The National Review Institute and the Pacific Legal Foundation organized a panel discussion earlier today with some of the top Supreme Court litigators in the country on what to expect in the coming term. Michael Carvin of Jones Day, which hosted the event in its building, Kannon Shanmugam of Williams & Connolly, and Paul Smith of Jenner & Block covered a lot of ground in a short time. (I moderated.)
Carvin started the discussion by previewing what he called the most important case of the term: Friedrichs v. California Teachers Union, where he’s the lead counsel challenging the constitutionality of forcing non-members of the union to pay dues to it. Justice Alito has made it pretty clear that he would like to reverse Abood v. Detroit Board of Education, a 1977 ruling that upheld the practice. Shanmugam predicted, albeit without a high degree of confidence, that Alito would finally prevail on the issue in this case.
Fisher v. University of Texas would be an important case if the Court used it to strike down racial preferences in state university admissions—reversing the Grutter ruling of 2003, in which then-Justice Sandra Day O’Connor gave such preferences 25 more years to live. As Smith pointed out, though, this Court has declined opportunities to undo those decisions. Carvin noted that the Court could make them moot without overruling them by requiring universities to offer evidence that a particular quantum of additional minority students would yield educational benefits. (His assumption is that this cannot be done.)
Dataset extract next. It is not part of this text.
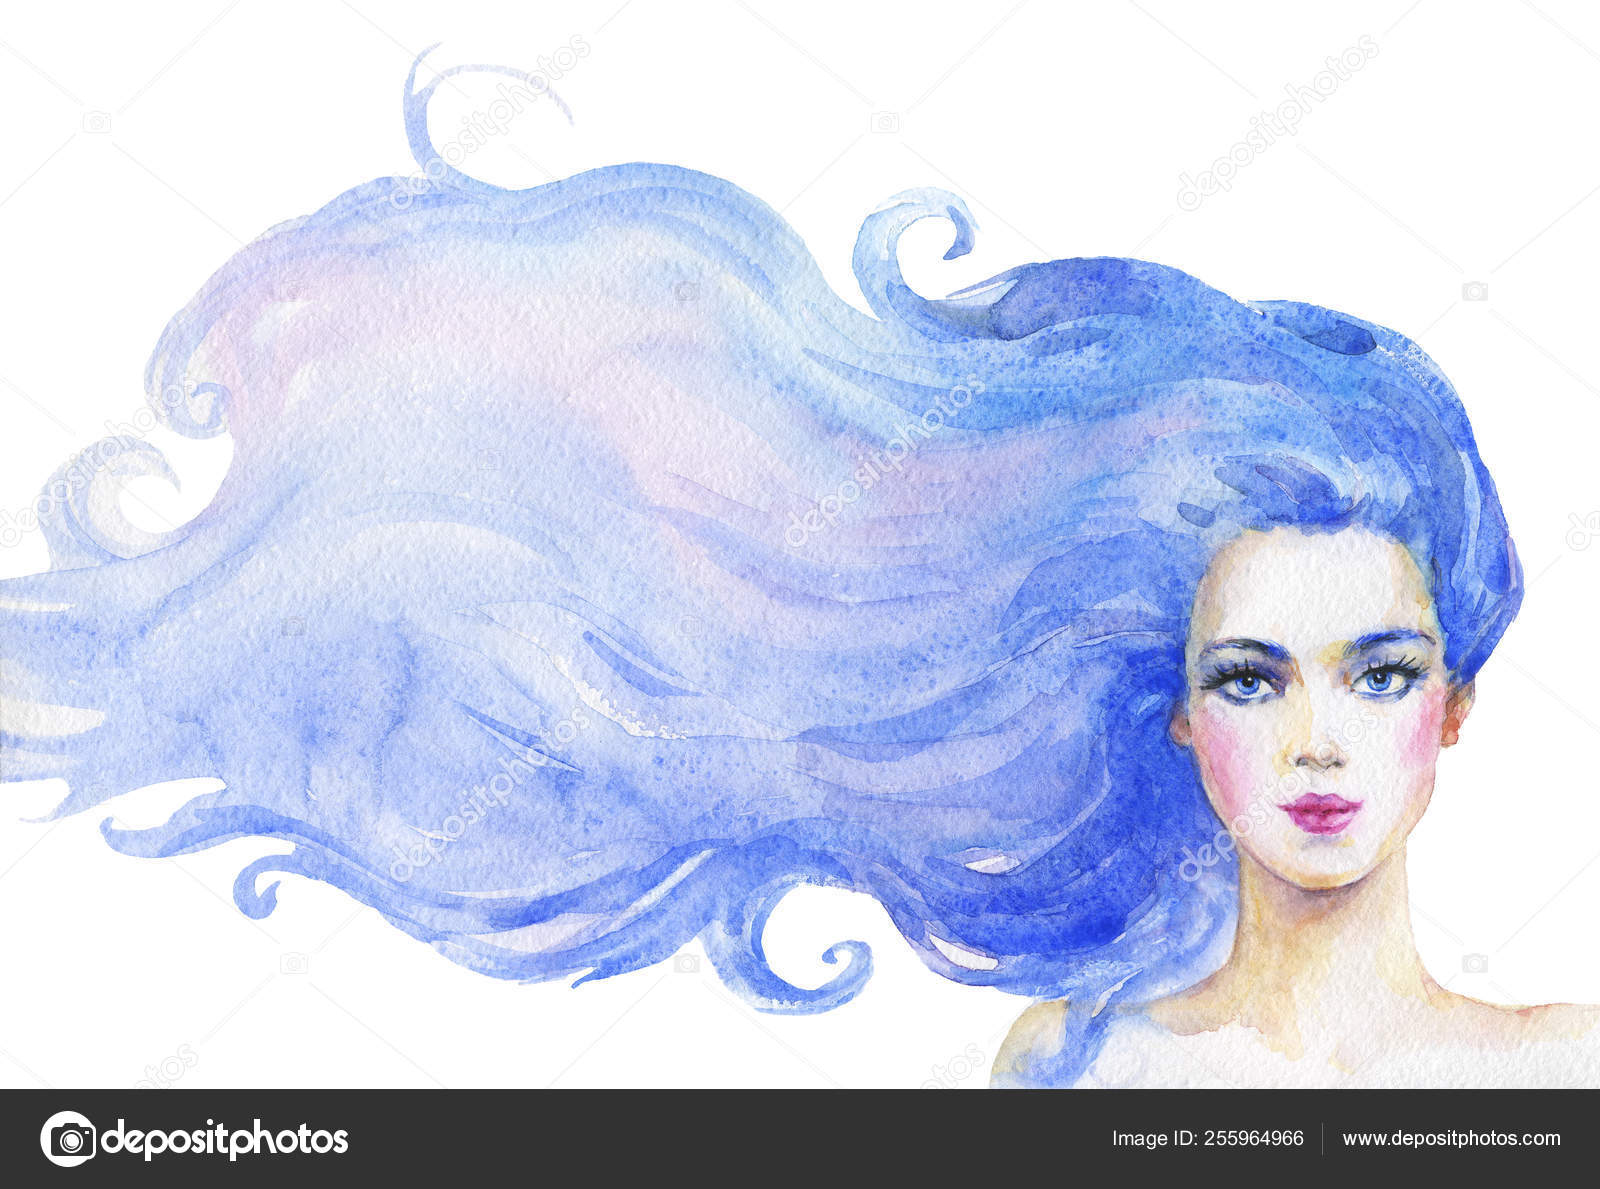 Uma ilustração em aquarela de uma garota com cabelo azul e uma

Evenwel v. Abbott concerns the Court’s decades-old requirement that state legislative districts be drawn to reflect the principle of “one person, one vote.” Does that mean that states have to make sure that districts include equal numbers of potential voters, or equal numbers of people? A majority of the panel thought that the rationale of the classic one-person-one-vote cases militated in favor of the former alternative. But an overlapping majority thought that the Court was unlikely to require states to follow that rule, both because it would break with decades of practice and because the data available might not allow it to be done. The Court might, however, say, that either approach is permissible.
Among the other questions presented in cases on the docket: Whether the Georgia courts erred in failing to recognize that black jurors were being excluded in a death-penalty case; whether a city may demote an employee based on his perceived political views; and whether it’s permissible to draw legislative districts with slight differences in population (either of voters or people!) for partisan advantage or to get Justice Department approval under the Voting Rights Act. (Smith is representing the Arizona Independent Redistricting Commission in this case.)
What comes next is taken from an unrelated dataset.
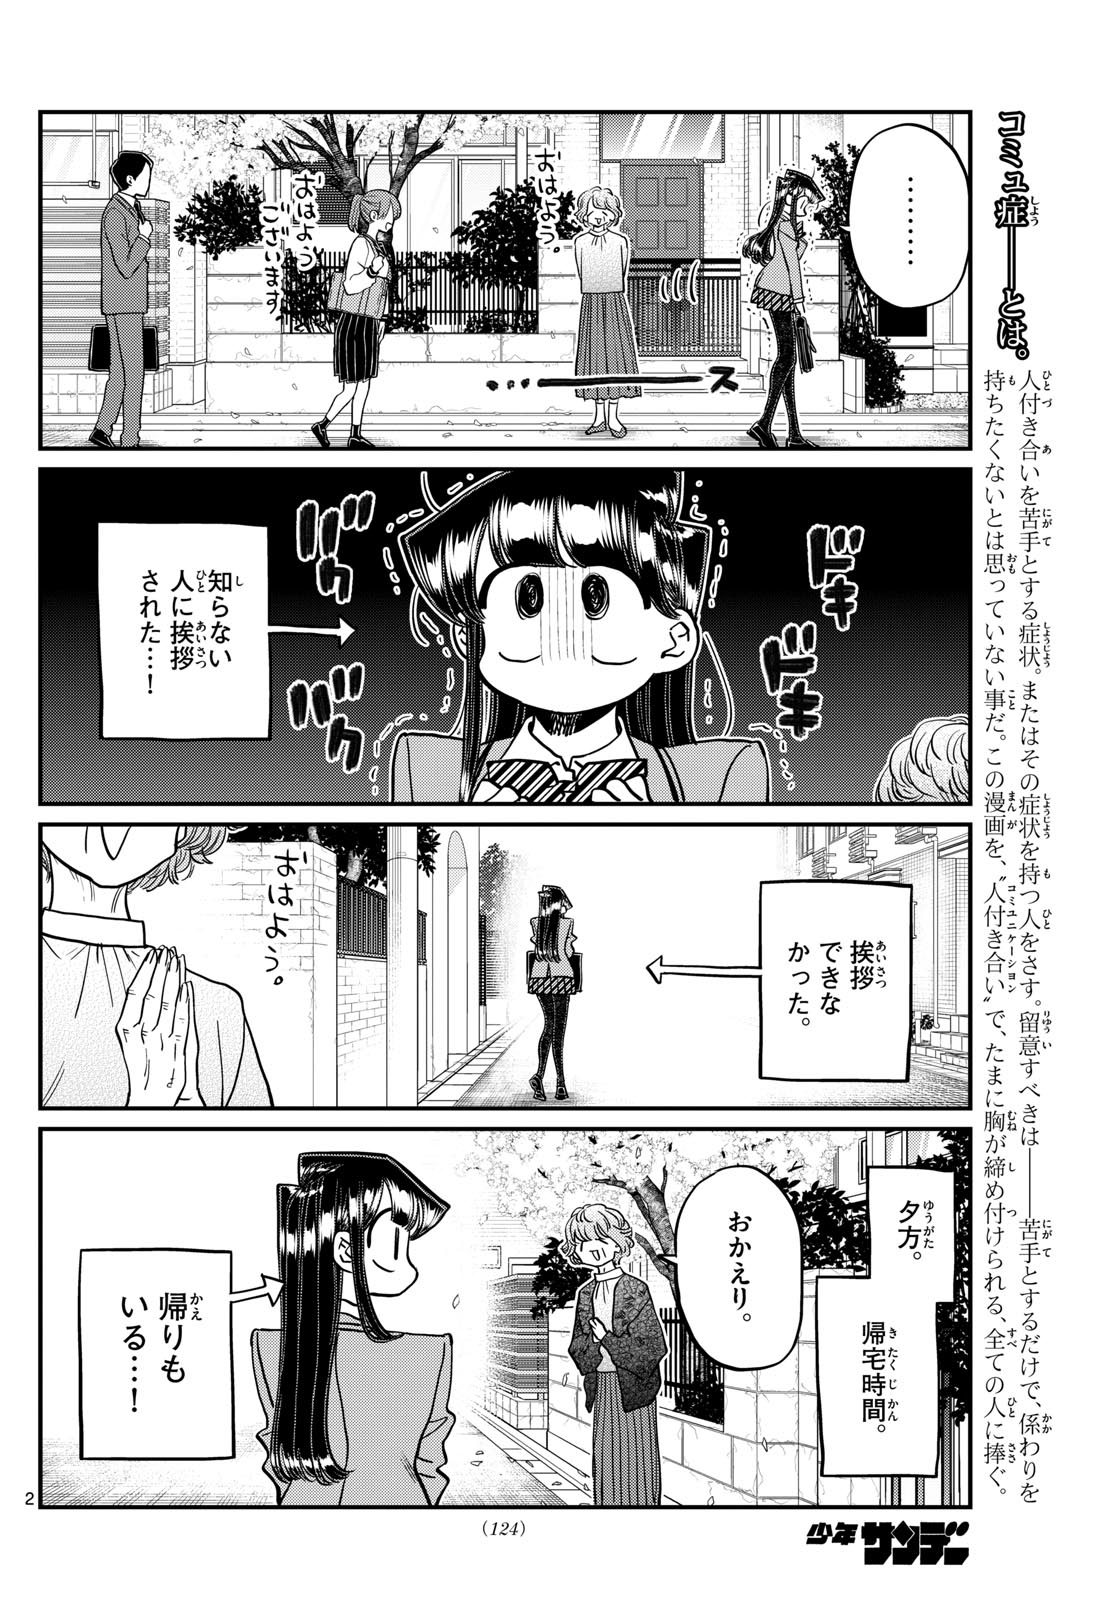 Komi-san wa Komyushou Desu - Chapter 434 - Page 2

The panelists also speculated that the Court might take up cases concerning abortion regulation and the Obama administration’s contraceptive mandate—and a case brought by PLF, one of the panel’s sponsors, challenging Obamacare under the clause of the Constitution that stipulates that “all Bills for raising Revenue shall originate in the House of Representatives.”
The panel, which included discussion of several other cases, is expected to be on CSPAN over the weekend.